▶ **The problem**: Print exactly the line that contains "Wappen der FamilieAlitto, d'Alitto", then every following line through the end of the material; include nothing else and no pictures.

▶ **Supplied material**:
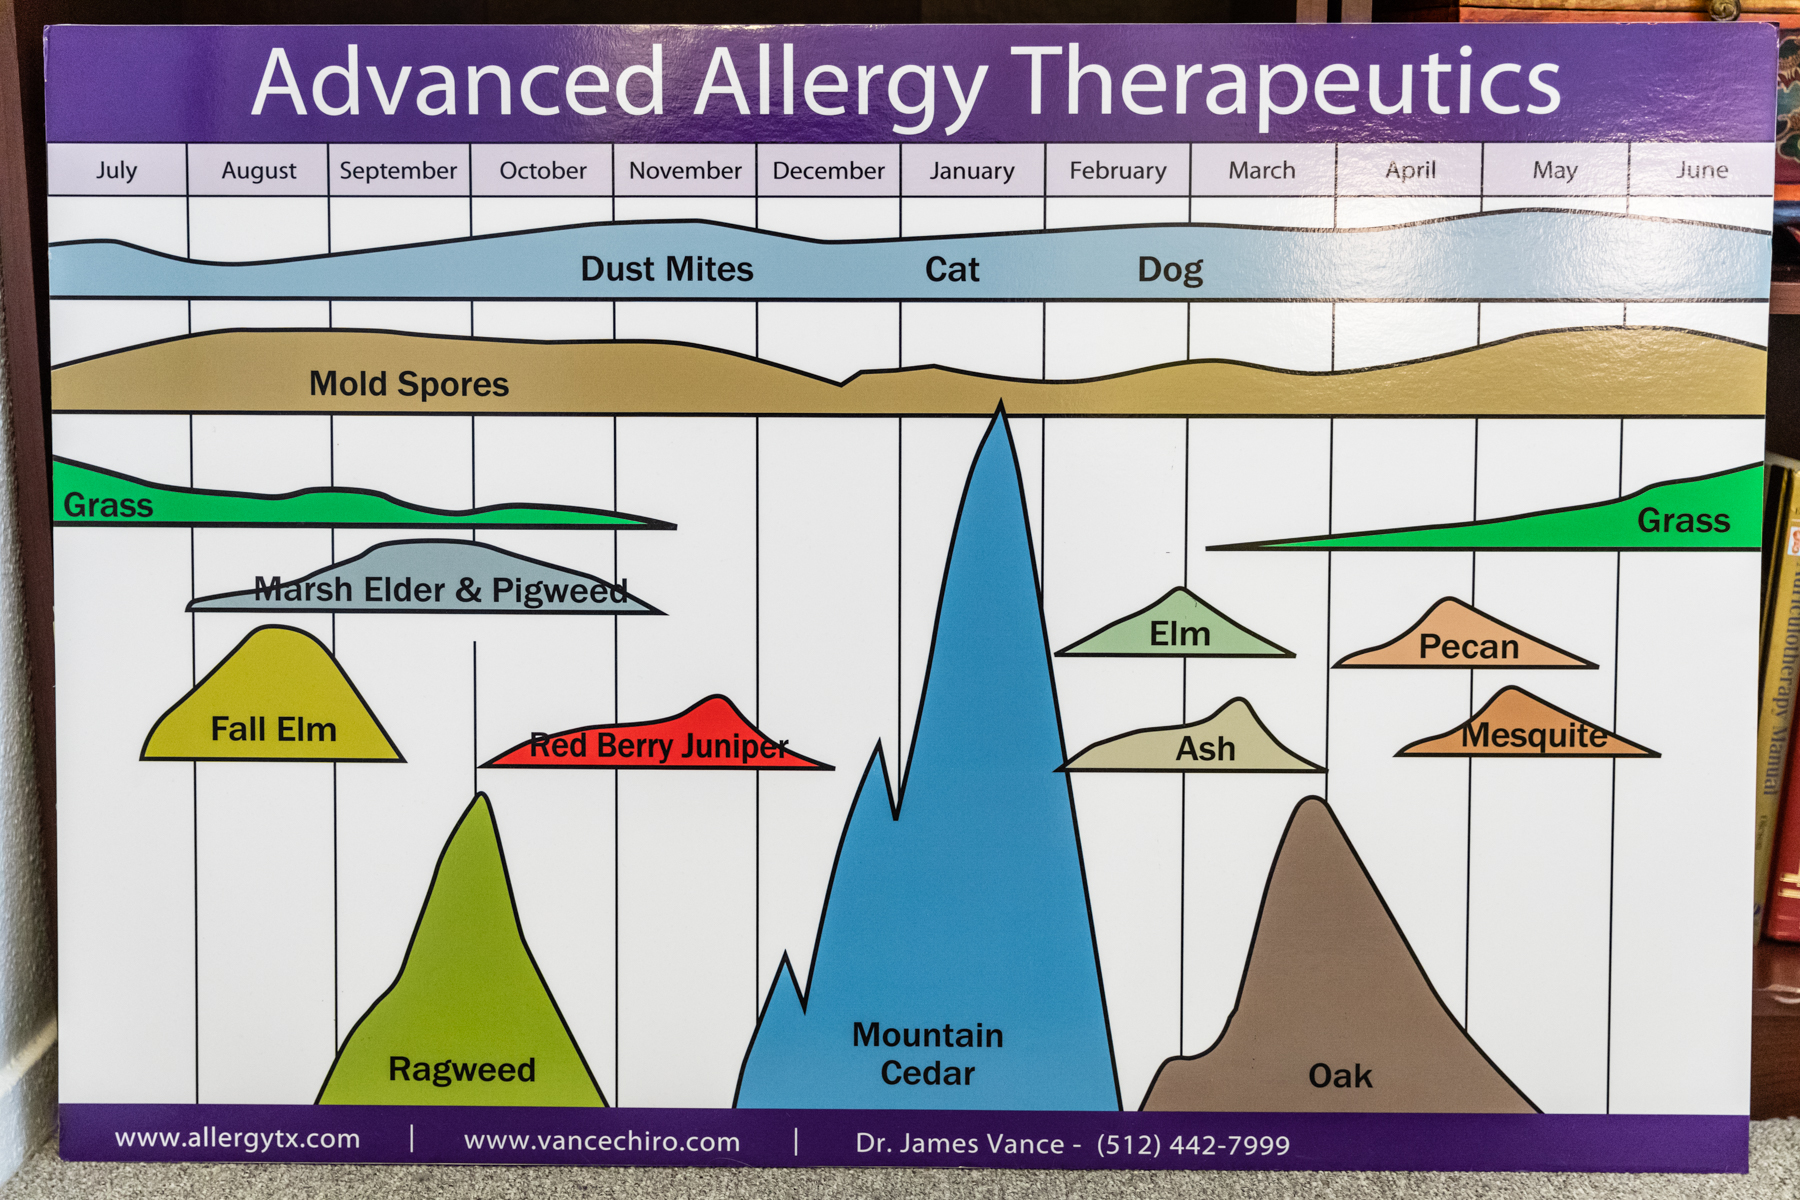 Advanced allergy therapeutics chart
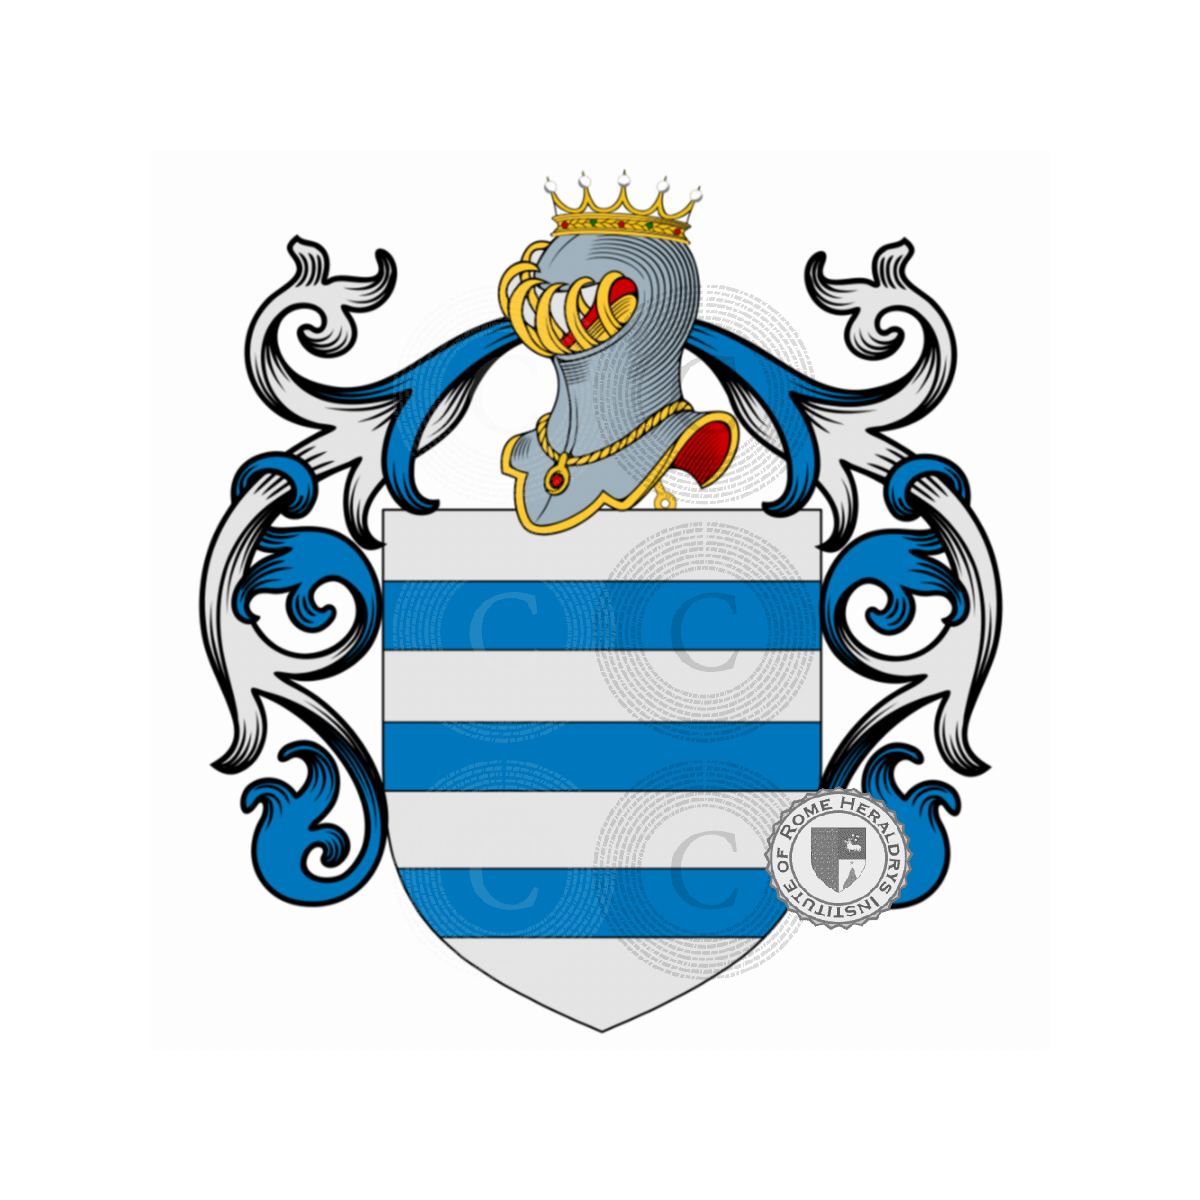 Wappen der FamilieAlitto, d'Alitto
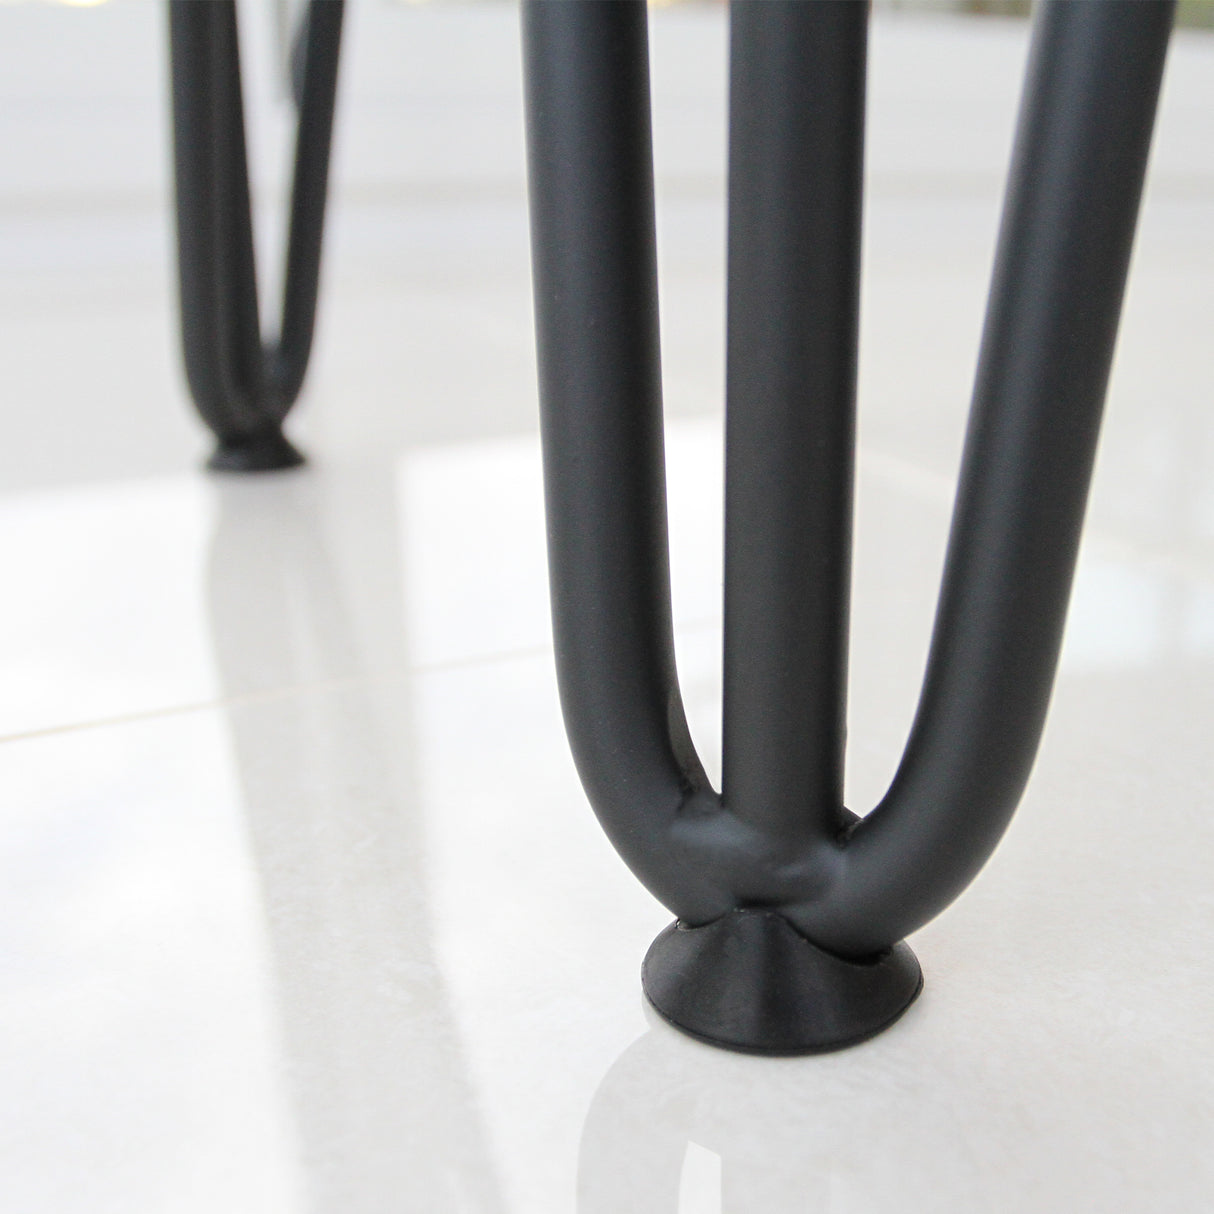 4 x 12" Hairpin Legs - 2 Prong - 10mm - Black

▶ **Solution for this task**:
 Wappen der FamilieAlitto, d'Alitto
 4 x 12" Hairpin Legs - 2 Prong - 10mm - Black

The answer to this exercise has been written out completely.